### [Collected material]
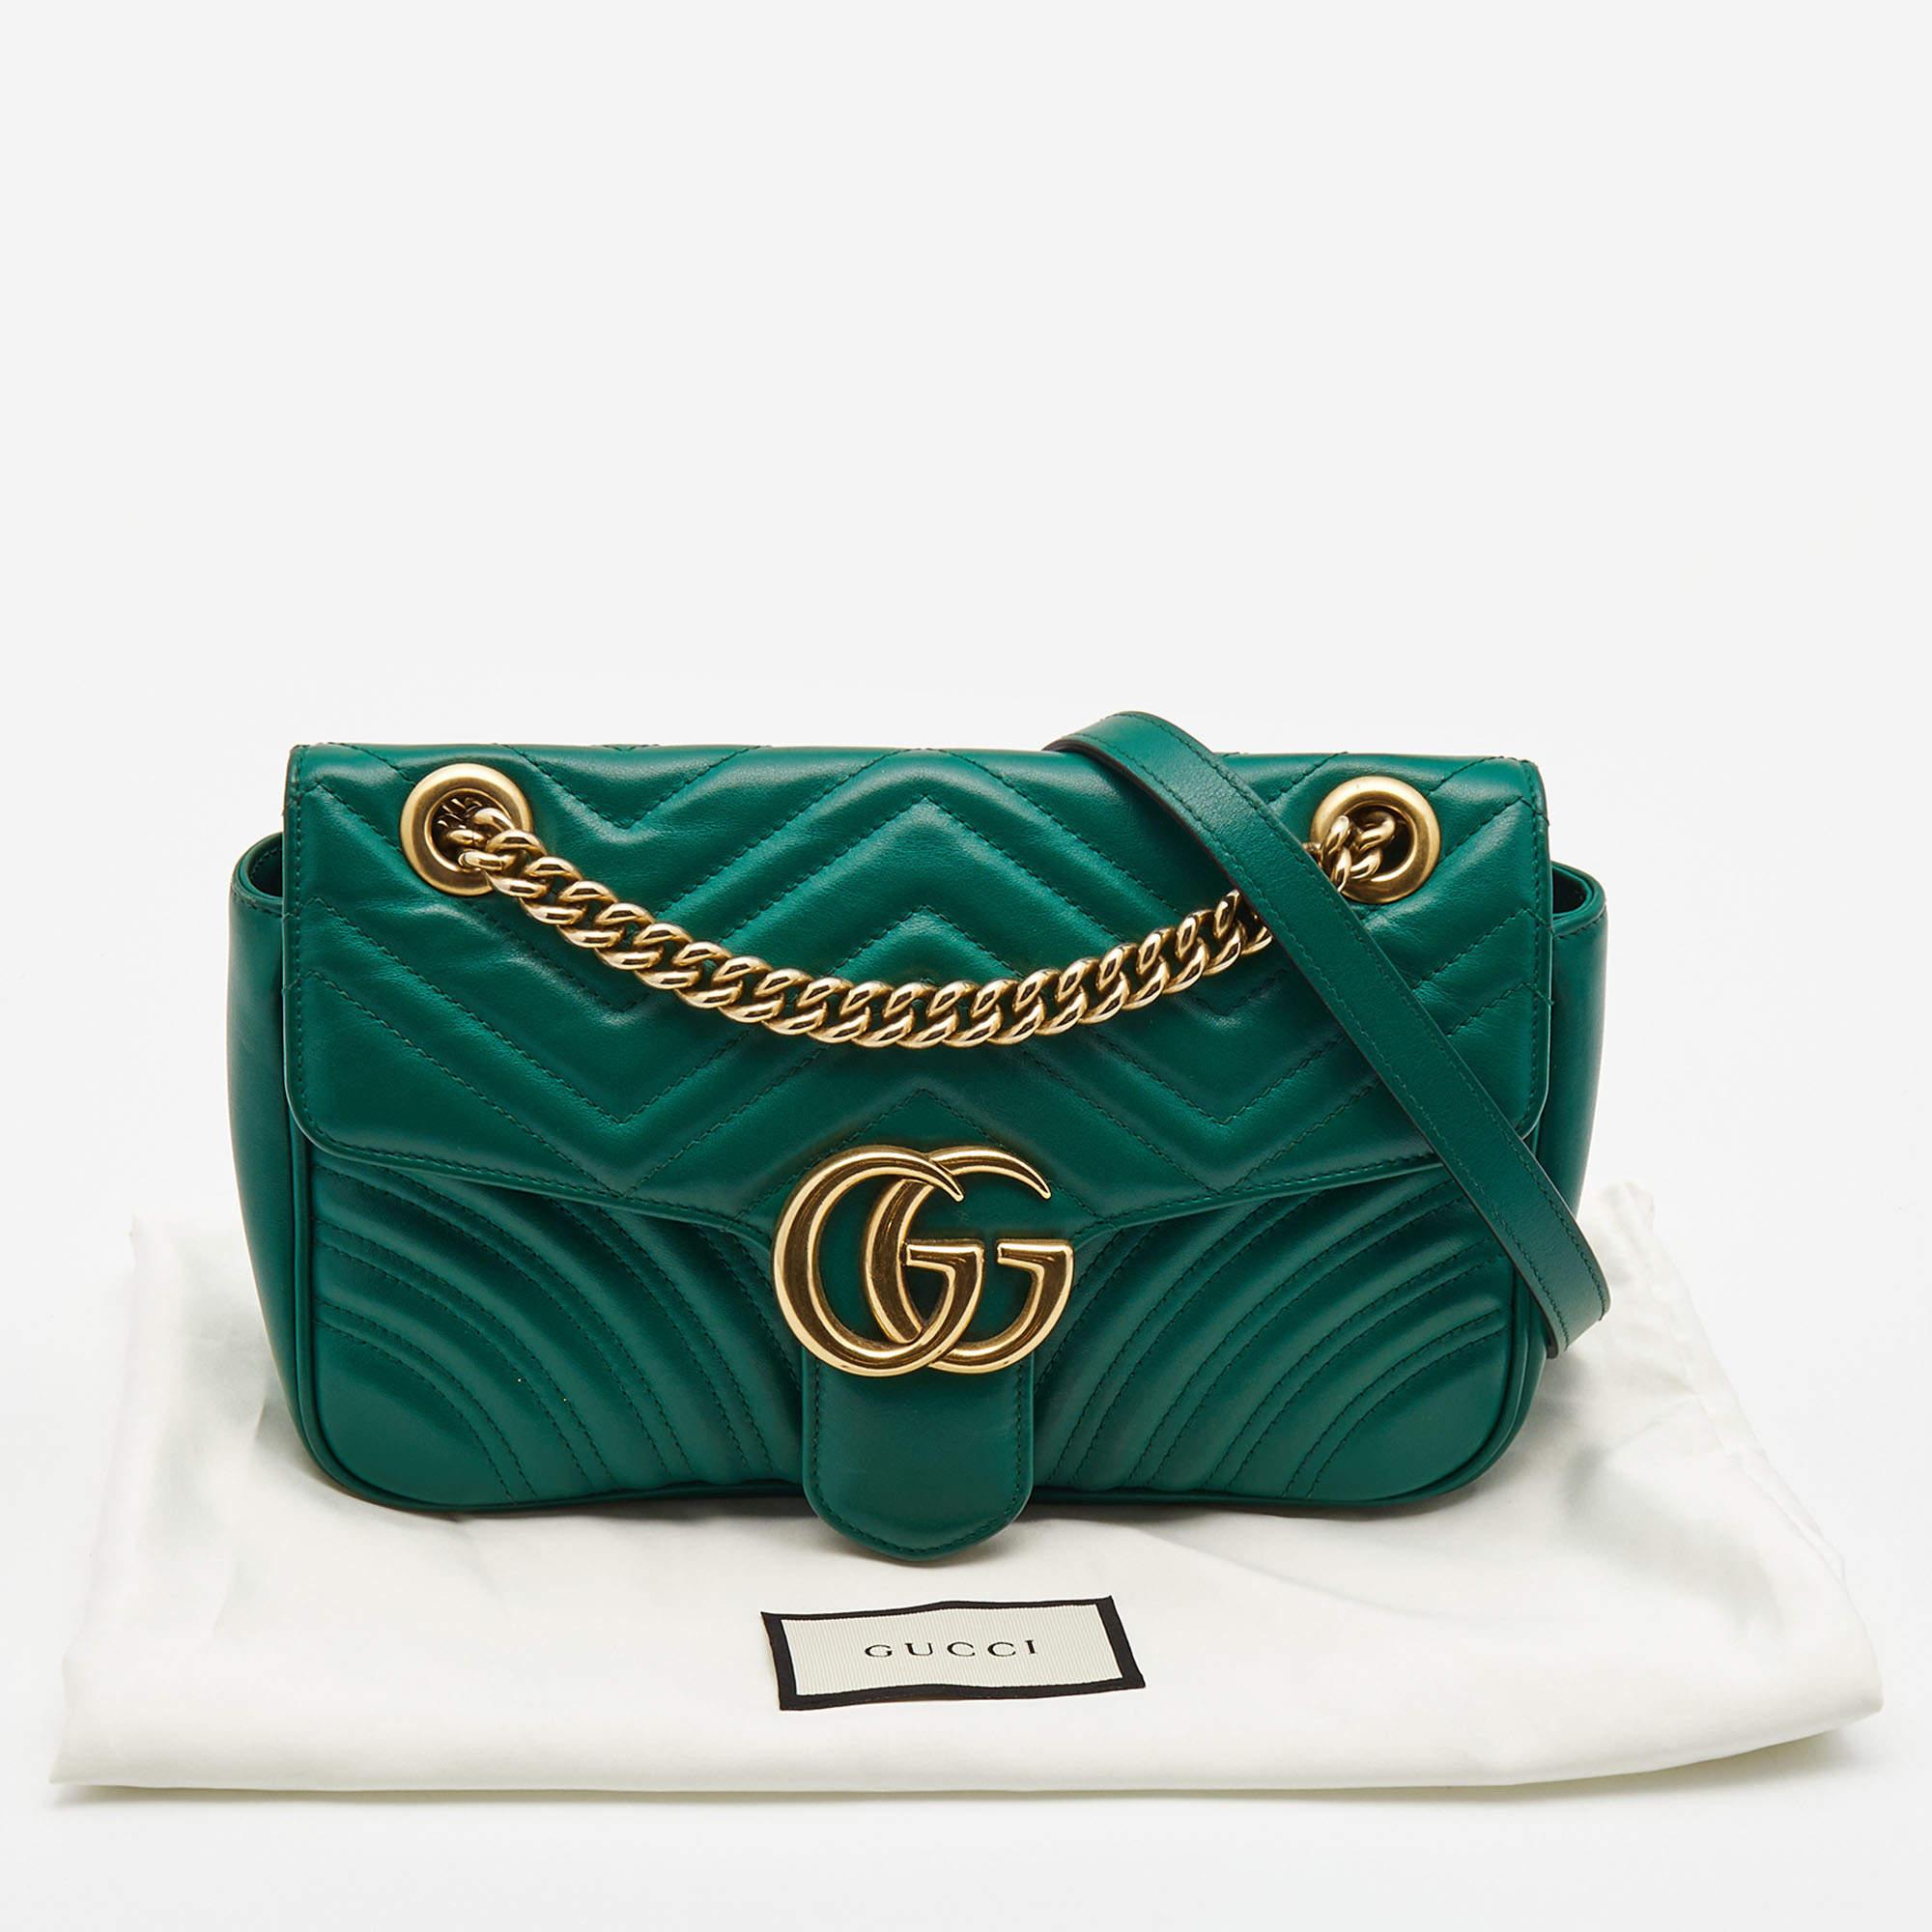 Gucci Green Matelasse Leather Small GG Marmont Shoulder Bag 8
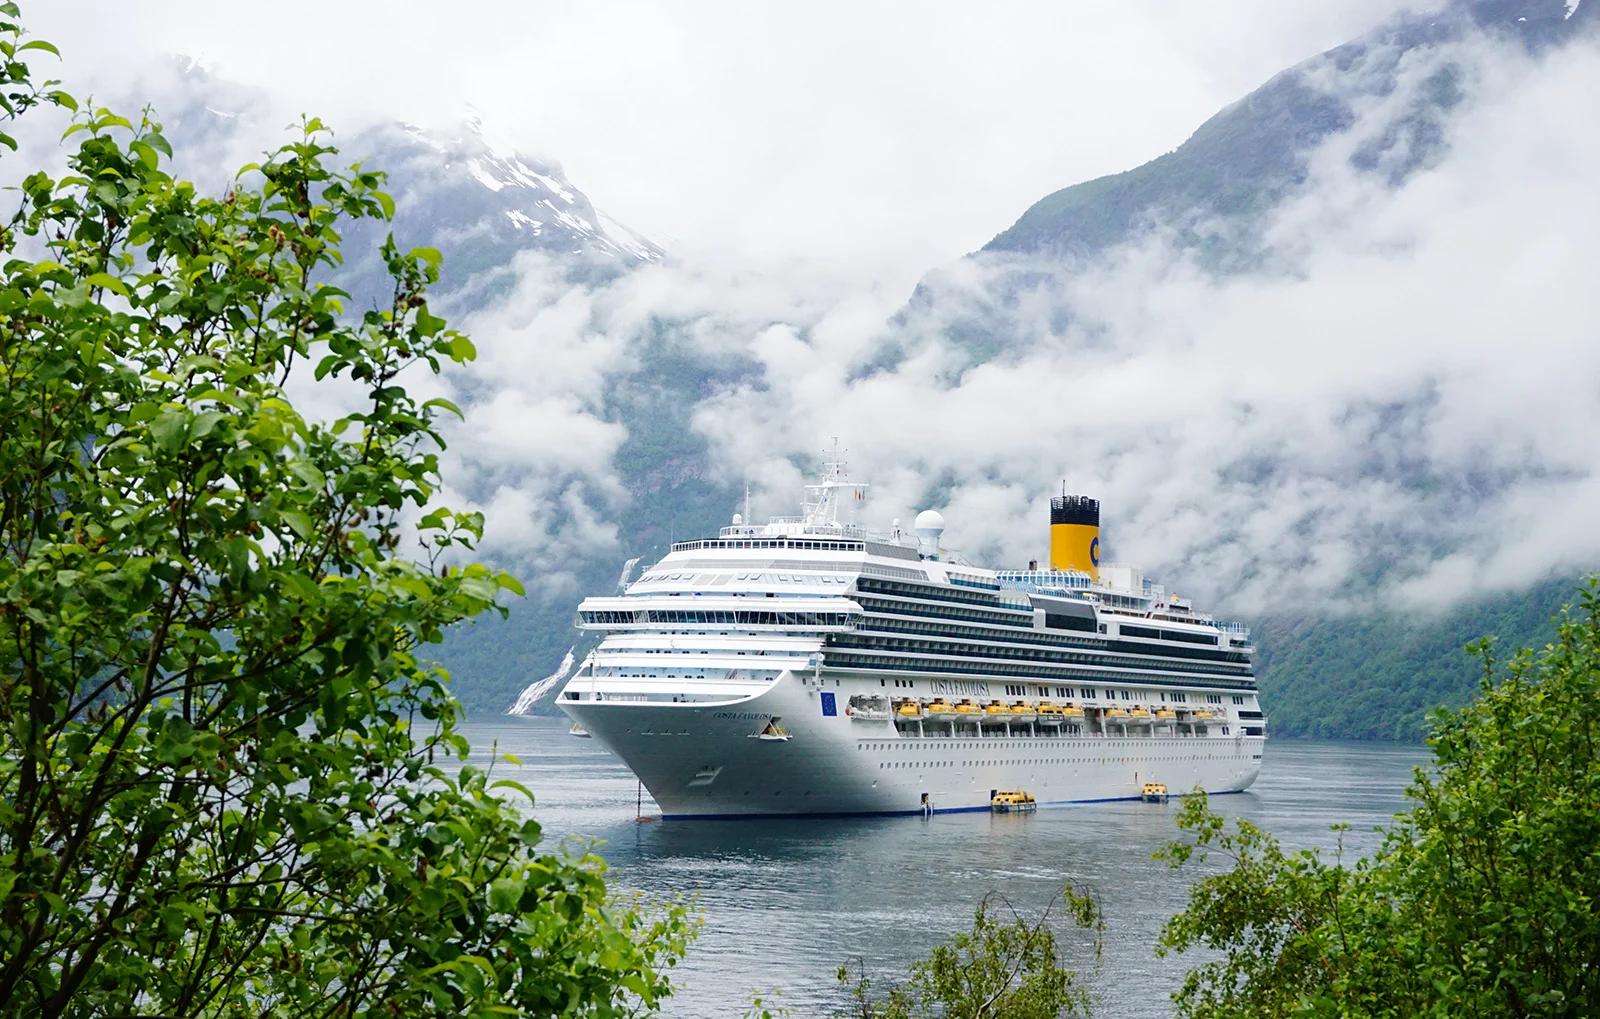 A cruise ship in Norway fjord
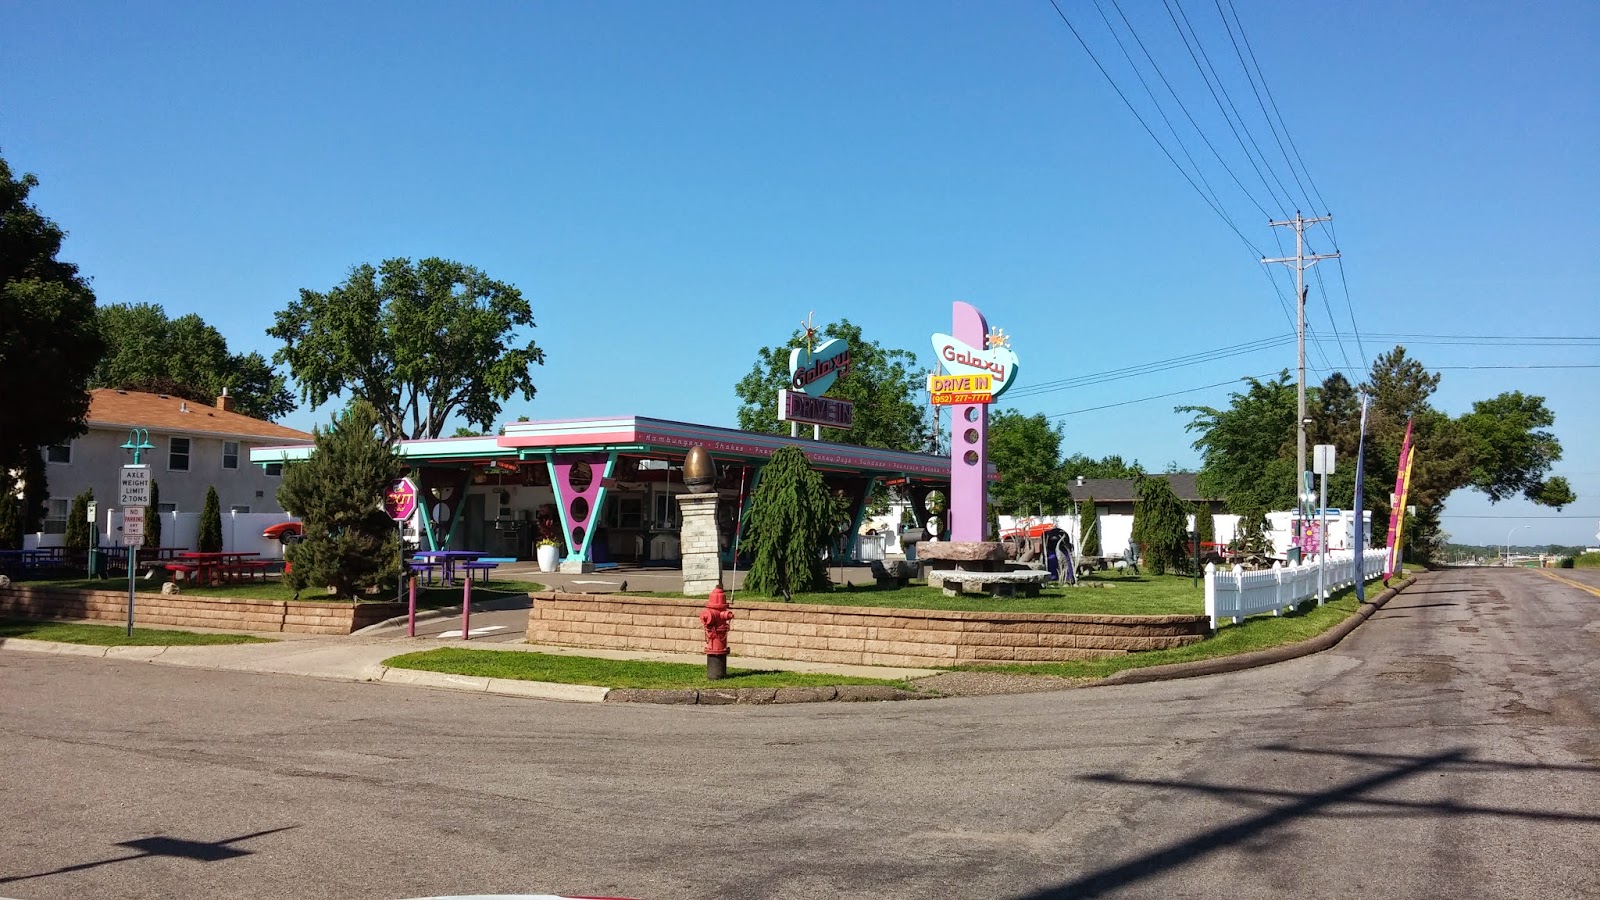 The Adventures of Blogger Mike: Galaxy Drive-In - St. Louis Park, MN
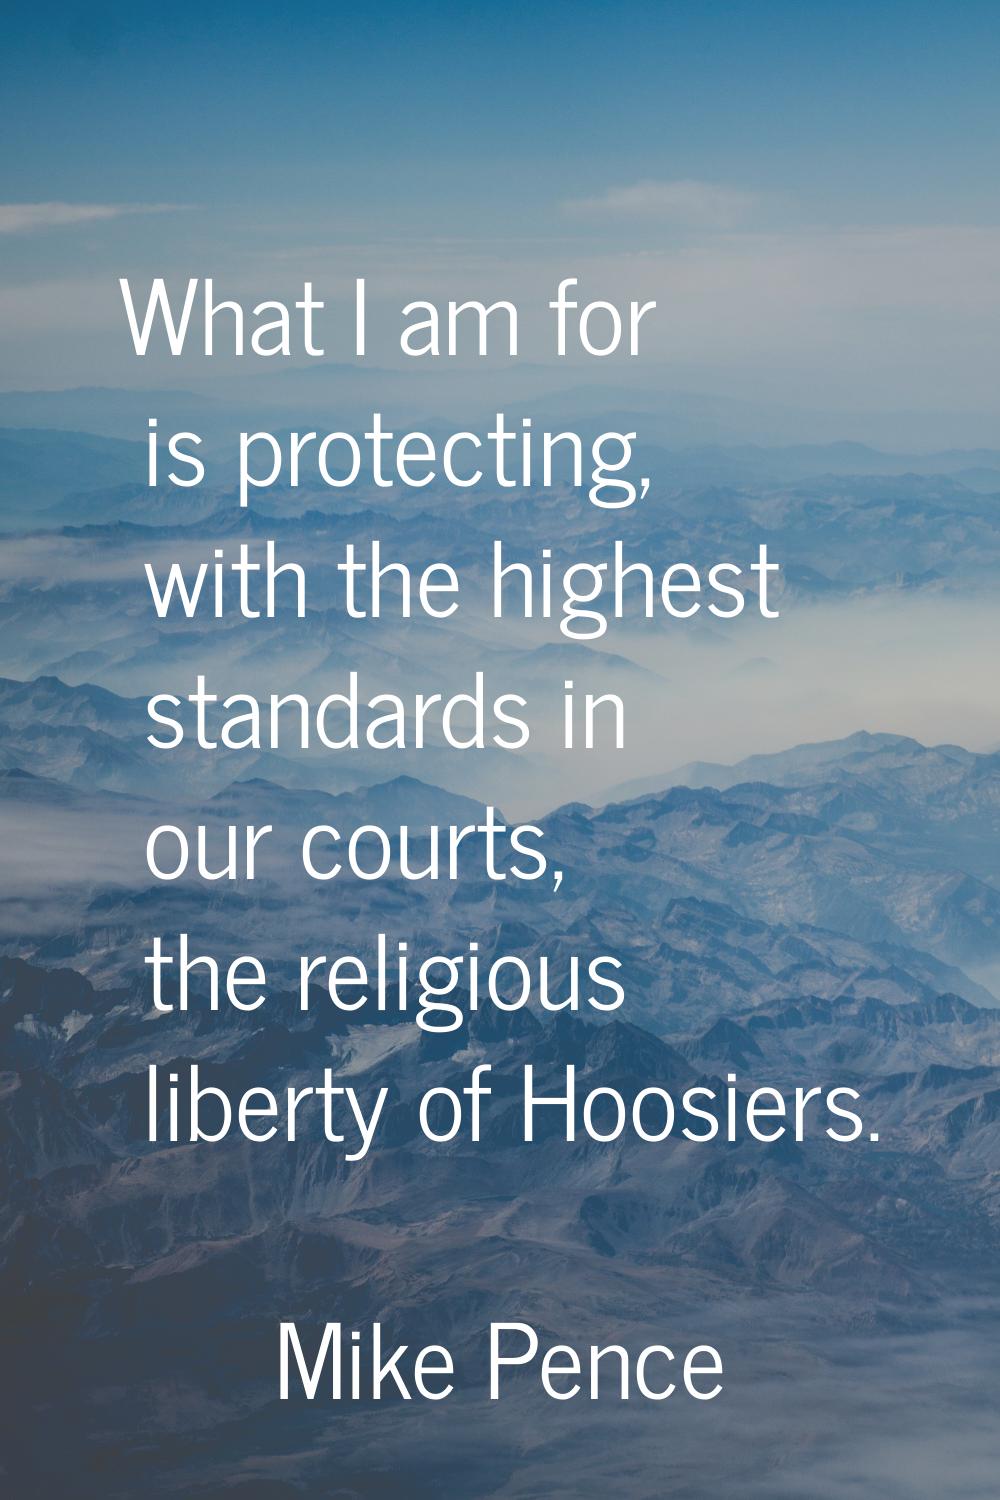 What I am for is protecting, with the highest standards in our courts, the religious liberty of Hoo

### [What the task requires]
From the first line to the last, write out the data exactly, omitting any pictures.

### [Answer below]
 Gucci Green Matelasse Leather Small GG Marmont Shoulder Bag 8
 A cruise ship in Norway fjord
 The Adventures of Blogger Mike: Galaxy Drive-In - St. Louis Park, MN
 What I am for is protecting, with the highest standards in our courts, the religious liberty of Hoo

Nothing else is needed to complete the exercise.